Lind's enthusiasm for such a horrific civil war shines through in "Victoria."

 

Another aspect of Trump's candidacy the media hasn't handled well is his relationship with white nationalists and others normally regarded as "beyond the pale," whom the media usually ignores. But paleoconservatism provides a big tent for them, and Lind has played a key role in raising that tent. So I'd like to conclude by asking you to address two sides of the same coin. First, how has Trump been able to take advantage of the groundwork that Lind has helped lay?

With regards to the "cultural Marxism" conspiracy theory, every time Donald Trump heaps scorn on "political correctness," whether by intent or not, he's telling people who have encountered Lind's conspiracy theory that he's on board with the program — he knows who the enemies are. 
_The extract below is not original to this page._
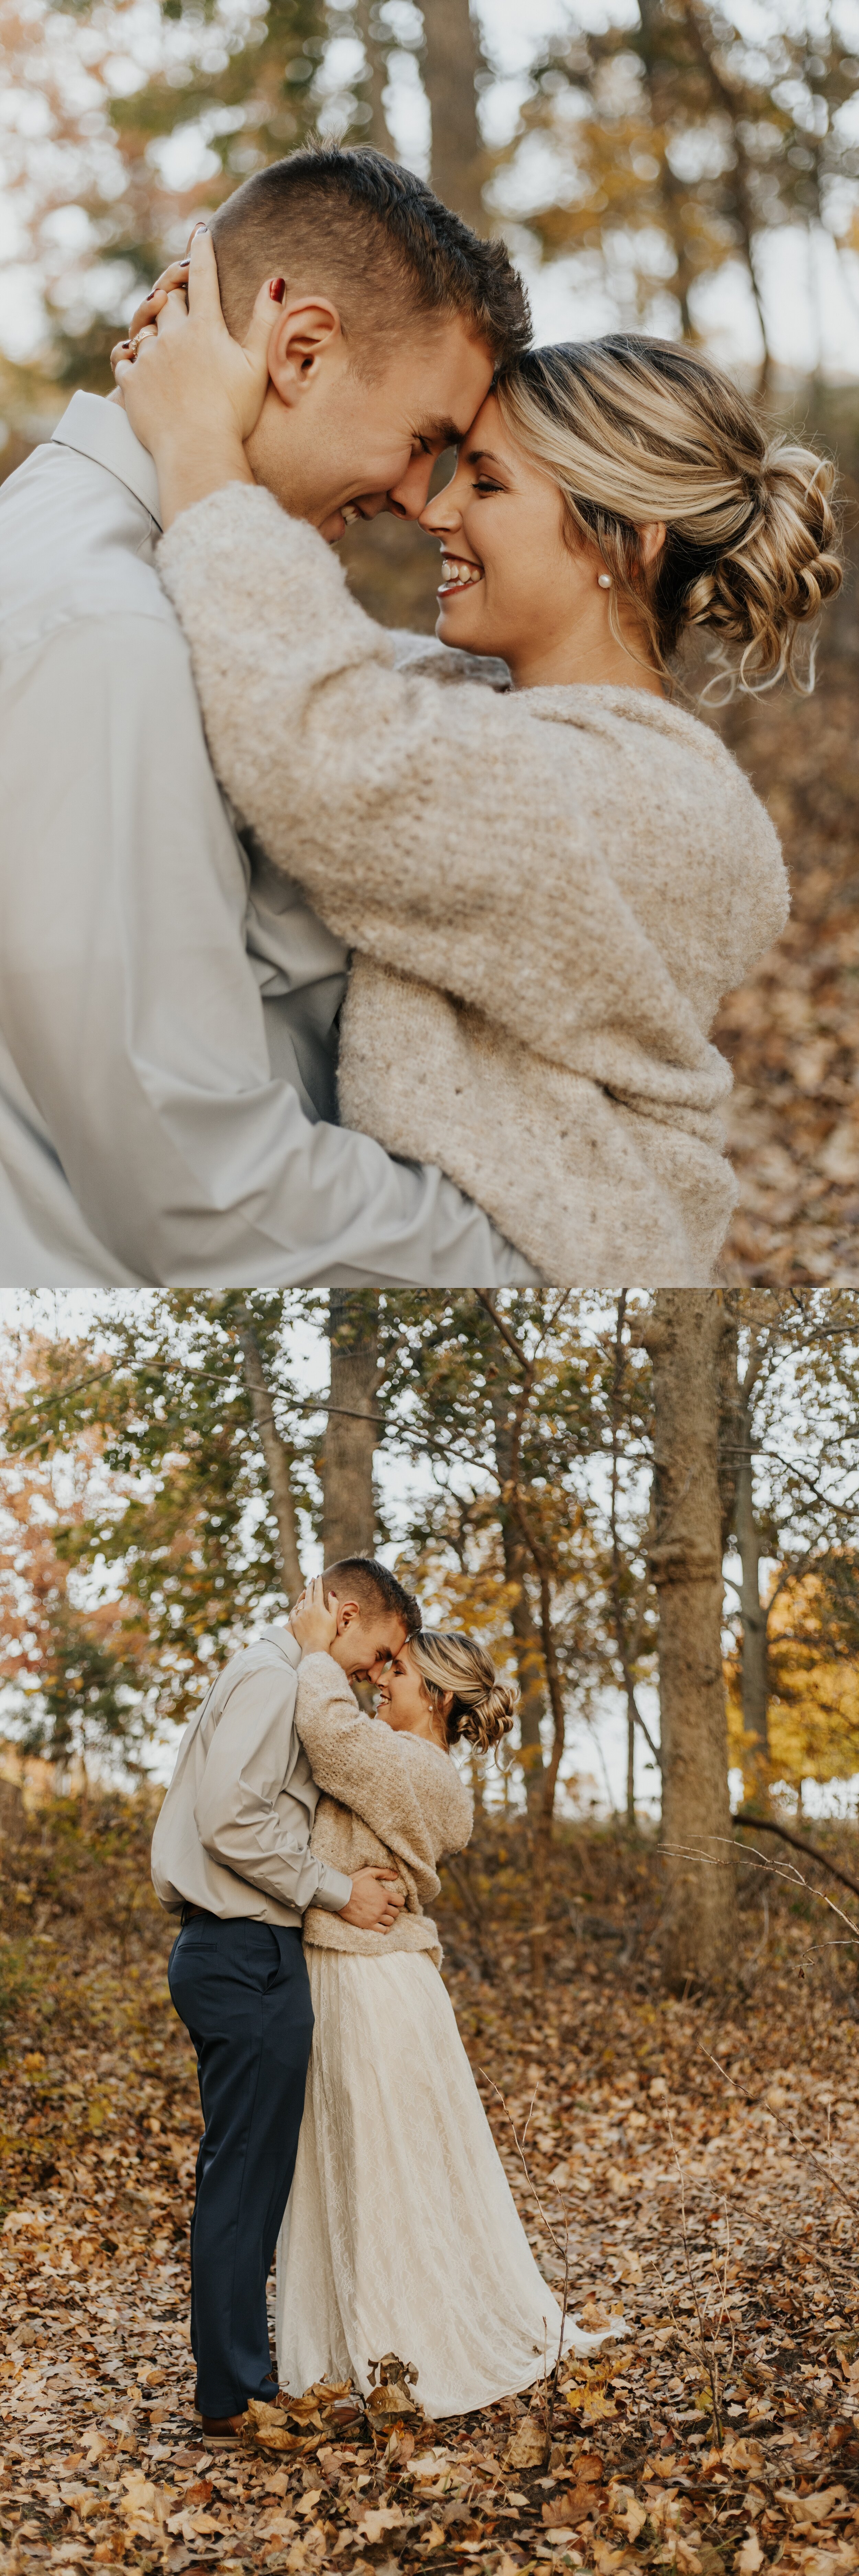 jessika-christine-photography-elopement-couples-outdoor-adventurous-session (21).jpg

As far as Trump's campaign platform goes, he appears to be capitalizing on the ideas of some of America's most astute right-wing thinkers, Weyrich and Lind, who have crafted a new breed of conservatism with far broader populist appeal than the increasingly discredited trickle-down economics, big government, interventionist, corporate capitalism-beholden style of conservatism that's become dominant in the years since Reagan.

Think of the power of the platform. Prior to the election, it was taken for granted that funding from plutocratic billionaires — the Kochs, Adelson, and so on — would shape the GOP primary outcome. Now, Trump has unique talents that set him apart, sure — but without the paleocon program, Trump would be just another Republican in the pack.

On the flip side, how have Lind, his followers and those he's influenced or facilitated been able to take advantage of Trump's candidacy?

We don't know yet, at least in demonstrable ways. But Trump has clearly emboldened racists. Over the course of Spring 2016, Donald Trump and his son have met significant leaders connected to that 4GW network, not just Lind.

The very fact that Trump has made these sorts of connections, especially to Lind, the author of a race-war novel like "The Turner Diaries," a man who seems to have inspired a major 2011 act of terrorism and suggested he's inspired al-Qaeda as well, is jaw dropping.